Global Collaboration
Cross-Border Expertise
Logistics Assurance: End-to-end cryogenic logistics (-80°C) with real-time thermal telemetry and validated chain of custody documentation, coupled with regulatory navigation for China Customs export permits and on-demand third-party audit protocols to enforce operational transparency.
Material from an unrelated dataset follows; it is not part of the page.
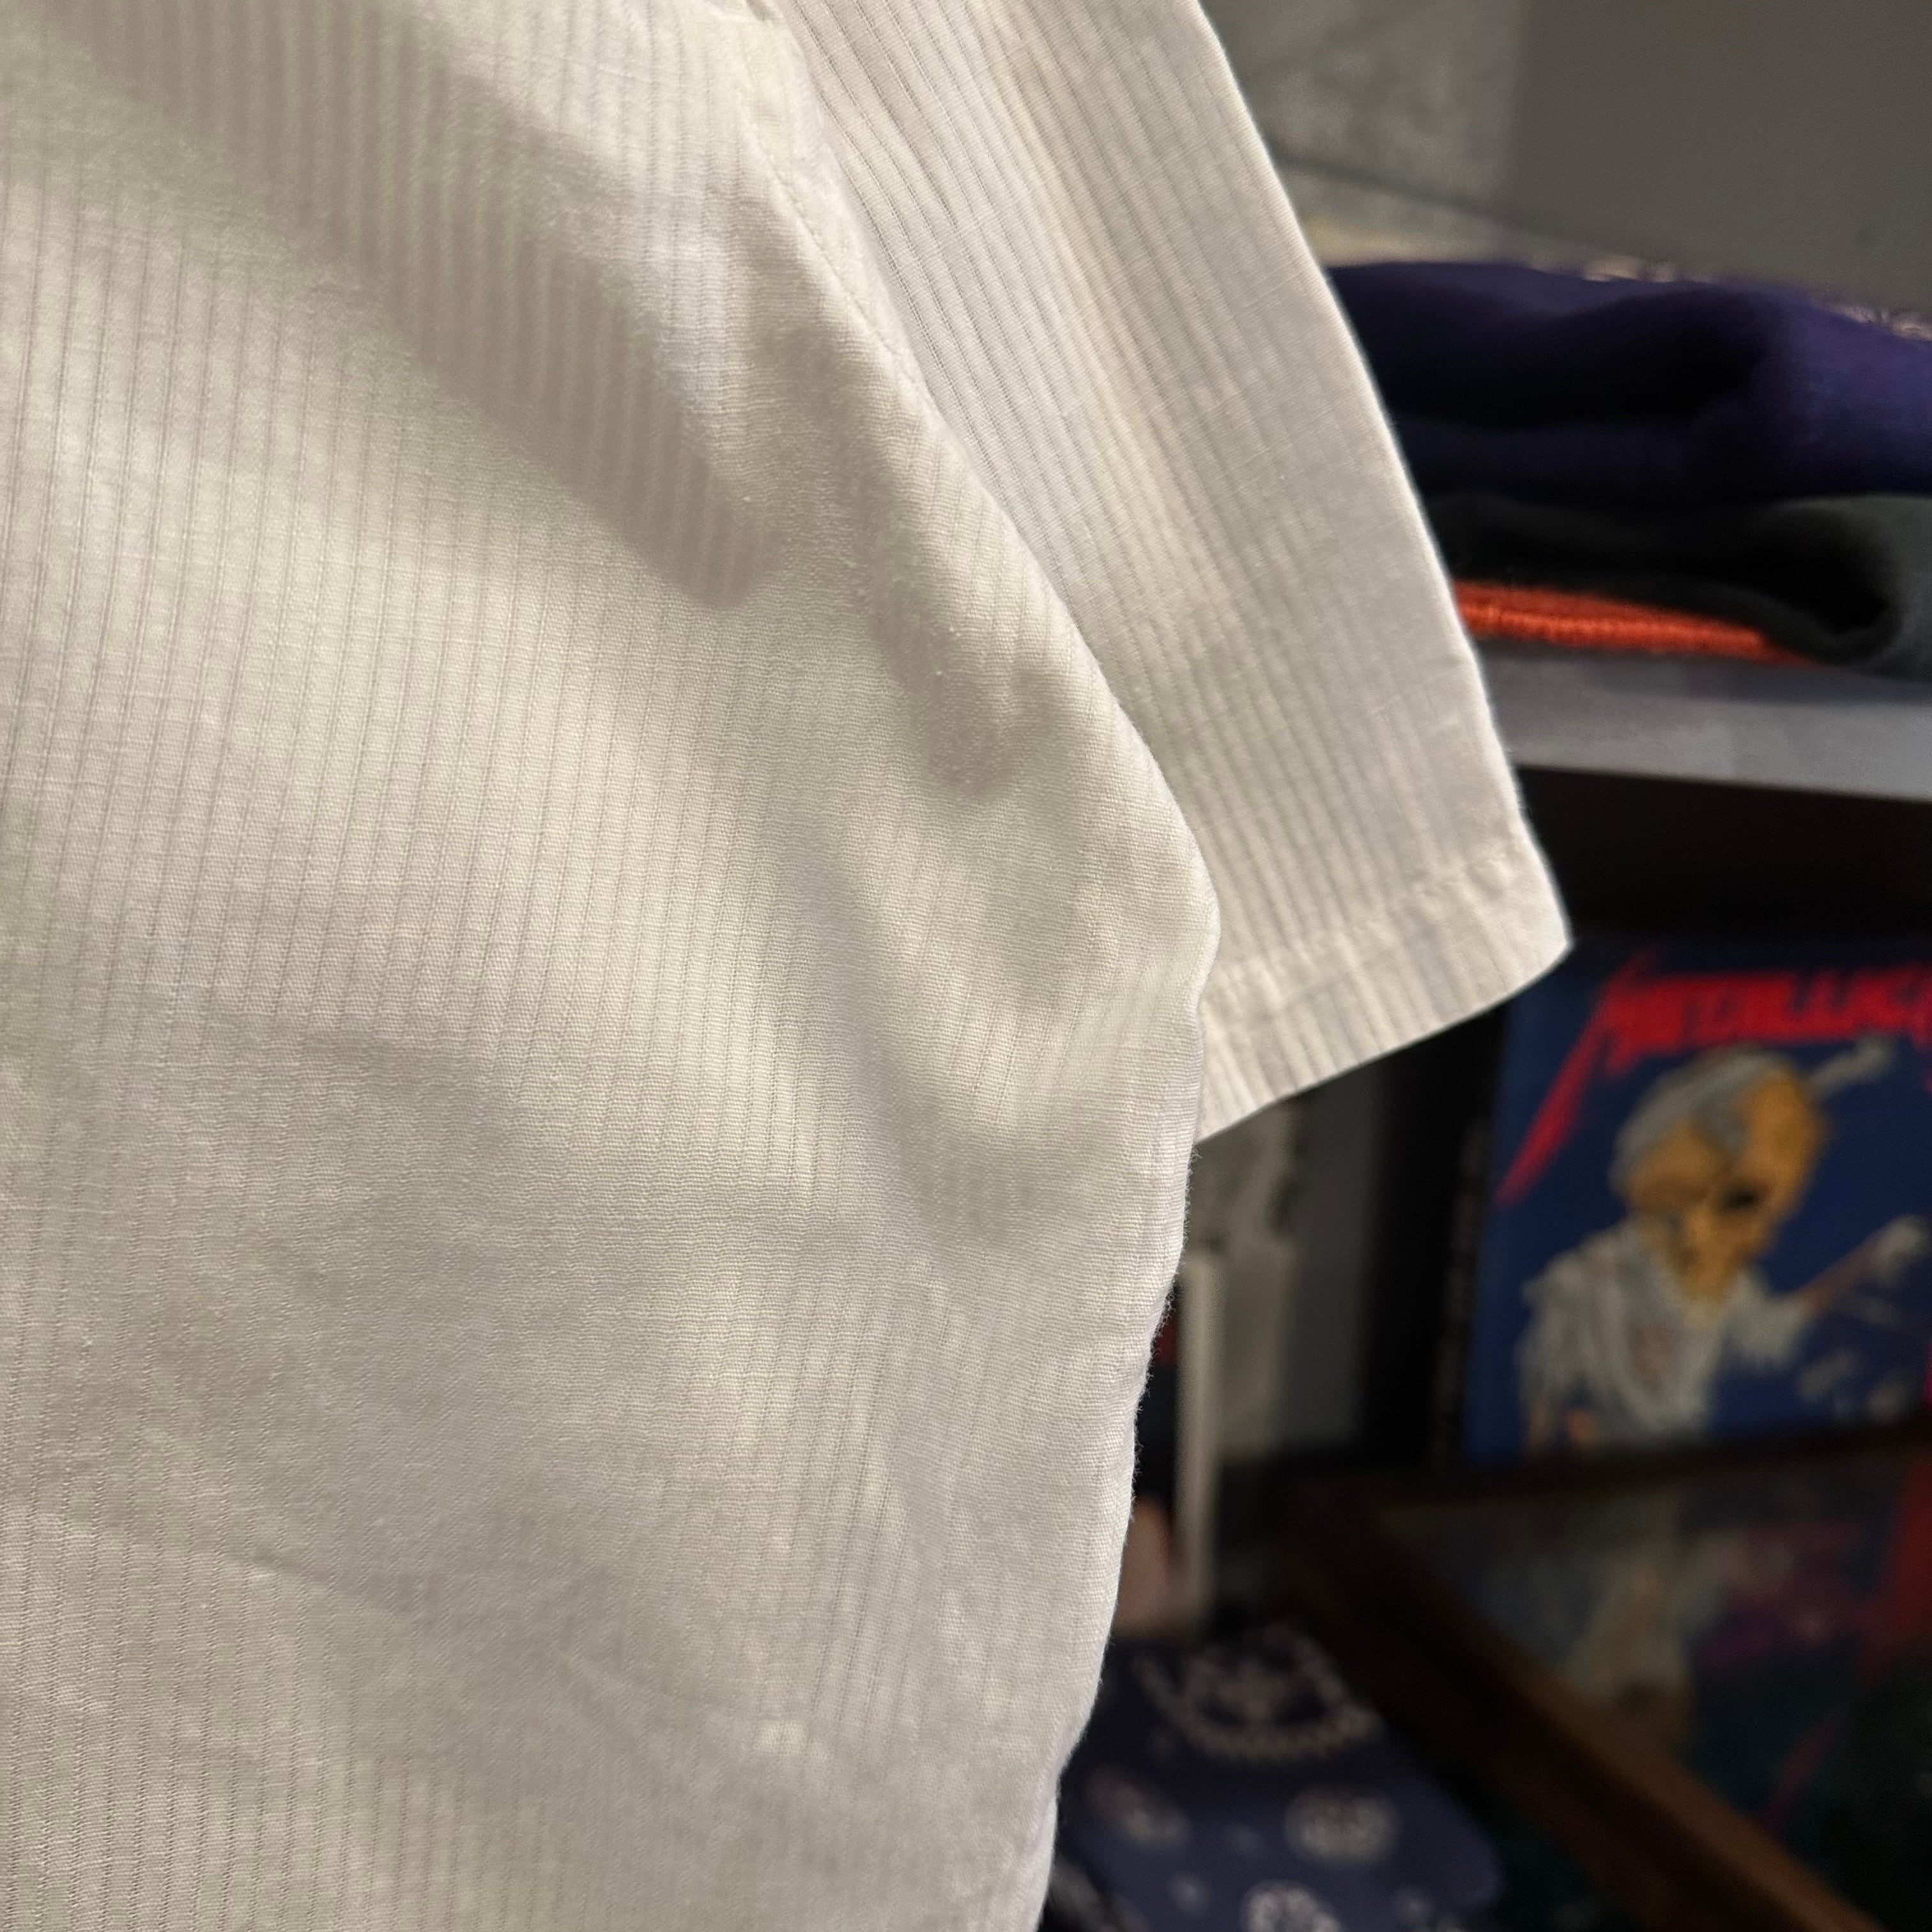 1950s Jayson ヴィンテージ rayon shirts オープンカラー

Third-Party Audits: Available upon client request to ensure transparency.

Long-Term Partnership
End-to-End Support
Integrated Services: Protein expression → stable cell line development → process scale-up.
Risk Mitigation: 48-hour expert response for technical challenges (e.g., host switching/vector optimization).
Flexible Engagement Models: Fee-for-Service (FFS) / Co-Development (risk/revenue sharing).